Достоевский в чистом виде смертелен


Имя автора "Романа", "Нормы" и "Голубого сала" вряд ли нуждается в особых комментариях, но постановку главного режиссера театра на Юго-Западе Валерия Беляковича все же следует признать нетривиальным репертуарным ходом: до недавнего времени московская сцена, кажется, знала лишь один сорокинский текст - в Театре "Около дома Станиславского" шла "Дисморфомания".

Белякович между тем ставит уже вторую пьесу самого радикального русского автора 90-х и обещает продолжение: на излете прошлого сезона он угостил публику "Щами", а в репертуарный план впечатана "Очередь" - постановка, которая должна завершить задуманную театром сценическую трилогию по текстам Сорокина.

Не похоже, что эти спектакли результат конъюнктурных соображений: перспектива заработать на подобном материале приз зрительских симпатий выглядит довольно сомнительно. Привлечь к себе внимание, впрочем, можно.

Идея Dostoevsky-trip столь же проста, сколь эффектна: литература - это наркотик. Есть наркотики мягкие типа "Флобера" или "Мопассана". Есть жесткие, к примеру "Кафка" или "Сартр". "Набоков" запредельно дорог, "Горький" - удел безнадежных маргиналов, которые не в состоянии наскрести денег на что-нибудь пристойное.

Приняв дозу "Достоевского", семеро безымянных персонажей пьесы мутируют в героев "Идиота".

Этот процесс носит отчетливо физиологический характер: классический текст жадно поглощается, переваривается и, наконец, извергается на зрителя в виде чудовищной словесной каши: недожеванные ошметки реплик Мышкина, Рогожина или Настасьи Филипповны уже не различить сквозь пудовые наслоения матерщины и вариаций на фекальную тему. Понятно, что исход этой коллизии может быть только один - летальный: в финале продавец препарата констатирует, что "Достоевский" в чистом виде смертелен.

Dostoevsky-trip - это Сорокин в чистом, дистиллированном виде: здесь его неизбывное переживание эдипова комплекса по отношению ко всей предшествующей литературе достигает кристальной ясности. Всвежем "Голубом сале", несмотря на клонирование текстов русских классиков, эффект уже не тот: на поверхность романа всплывают иные сюжеты.Dostoevsky-trip технически безупречен.

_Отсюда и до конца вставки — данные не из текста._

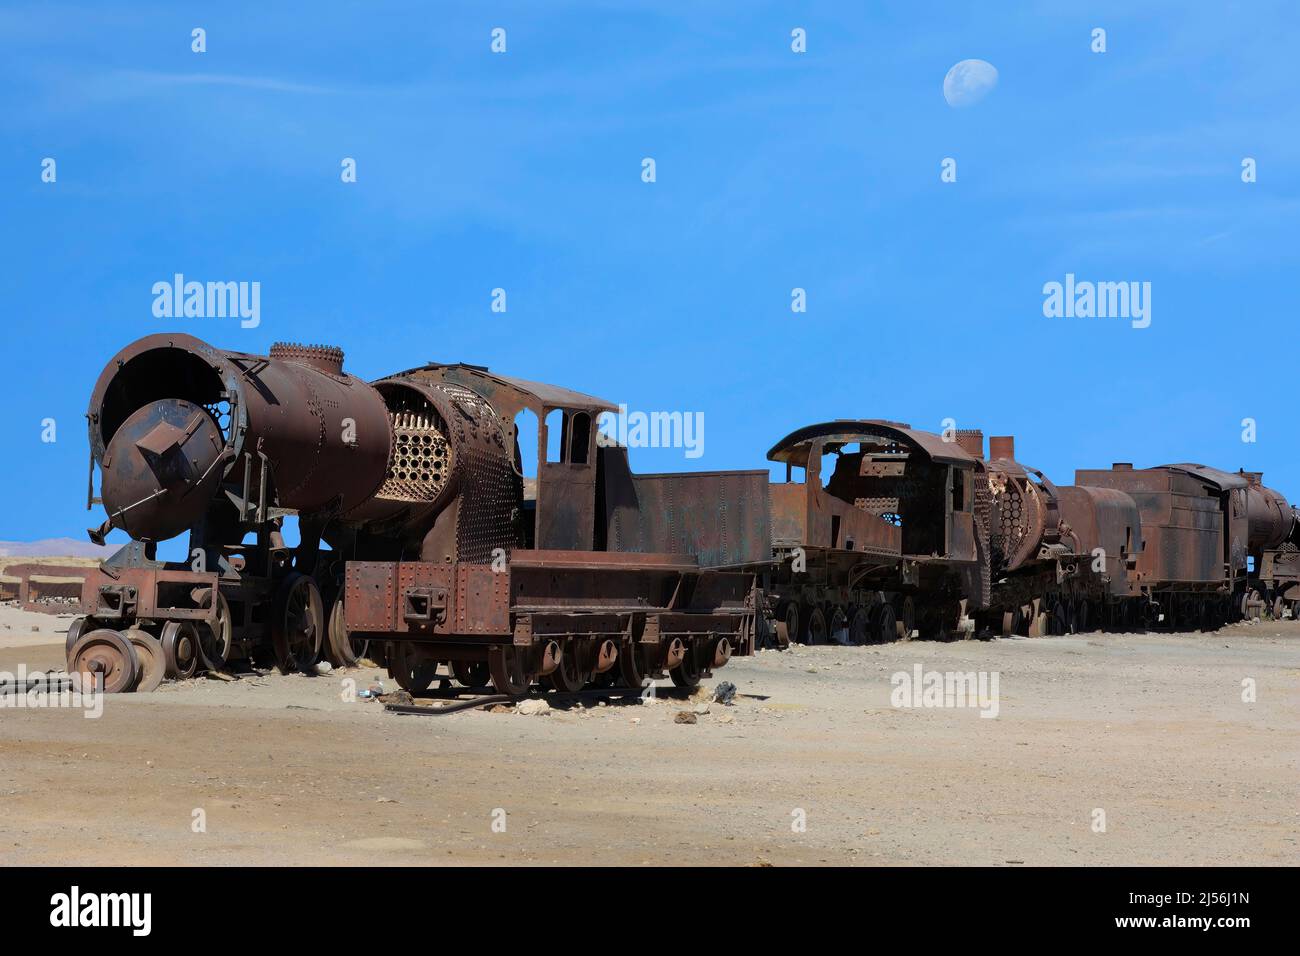 Salar de Uyuni, Bolivia, train grave or cemetery Stock Photo

ВТеатре на Юго-Западе этот идеальный постмодернистский механизм работает на холостом ходу. Белякович как будто не замечает, что ненормативность сорокинской театральной лексики, о которой публику вежливо предупреждает голубой оттиск на билете, выражается не столько в изобильном употреблении мата, сколько в тотальной деструкции всех привычных для сцены отношений между актером и текстом.

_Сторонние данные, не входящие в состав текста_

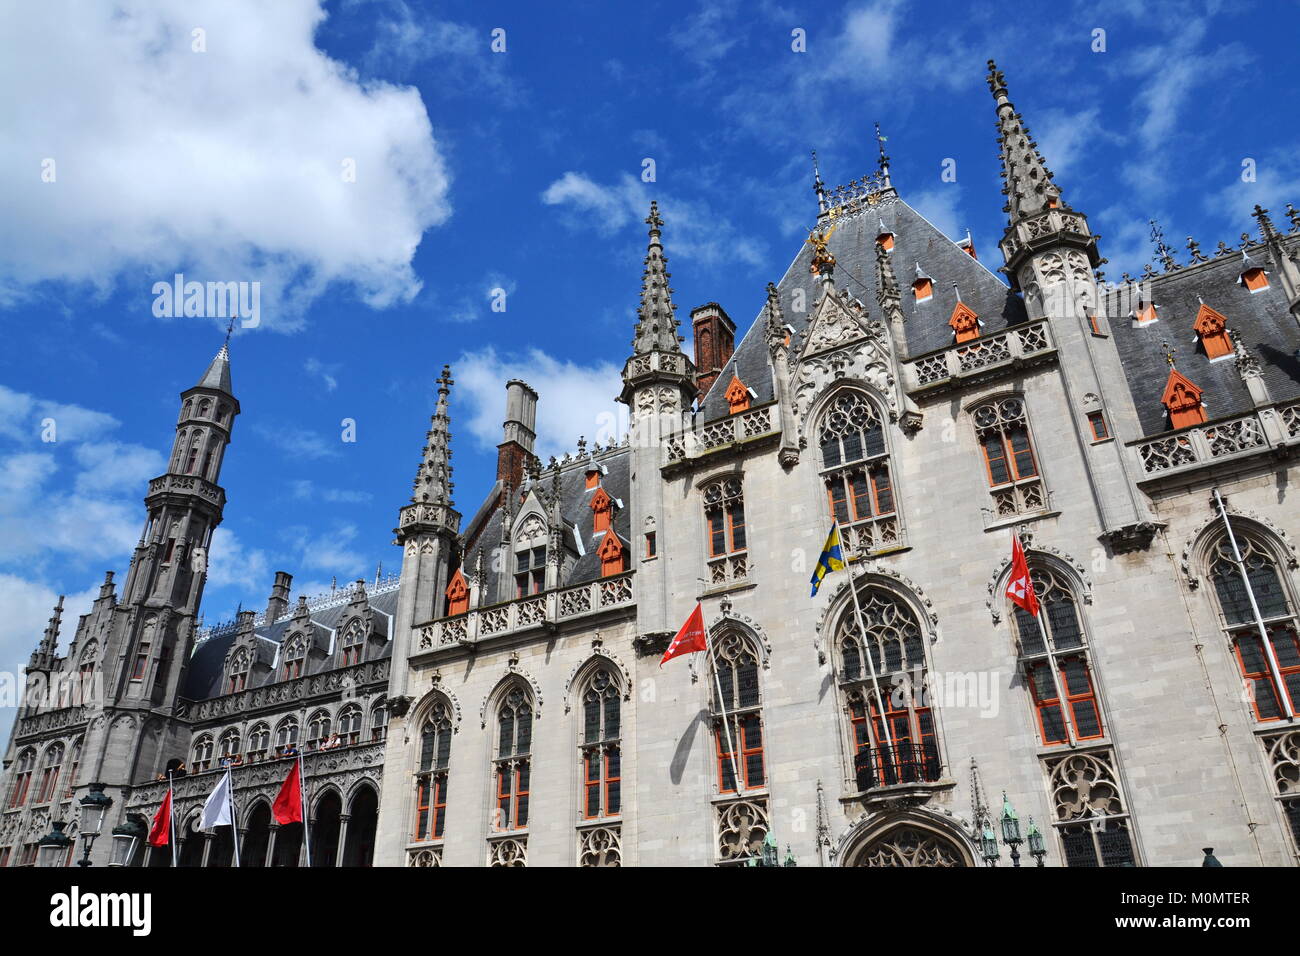 Provinciaal Hof - Province Cour sur place du marché, Bruges, Belgique Banque D'Images

Этот сюжет в спектакле не отыгран практически никак. Речевая катастрофа визуализируется самым банальным образом. Вдело идут гротескная мимика и аффектированные интонации, потертые кожанки и ржавые бочки, которые персонажи с грохотом перекатывают по сцене, - словом, весь набор стандартных постановочных "штучек", призванных подчеркнуть абсурдность происходящего и создать мрачную атмосферу постиндустриального апокалипсиса. Поклонников Сорокина такое надрывное прочтение пьесы, должно быть, немало повеселит.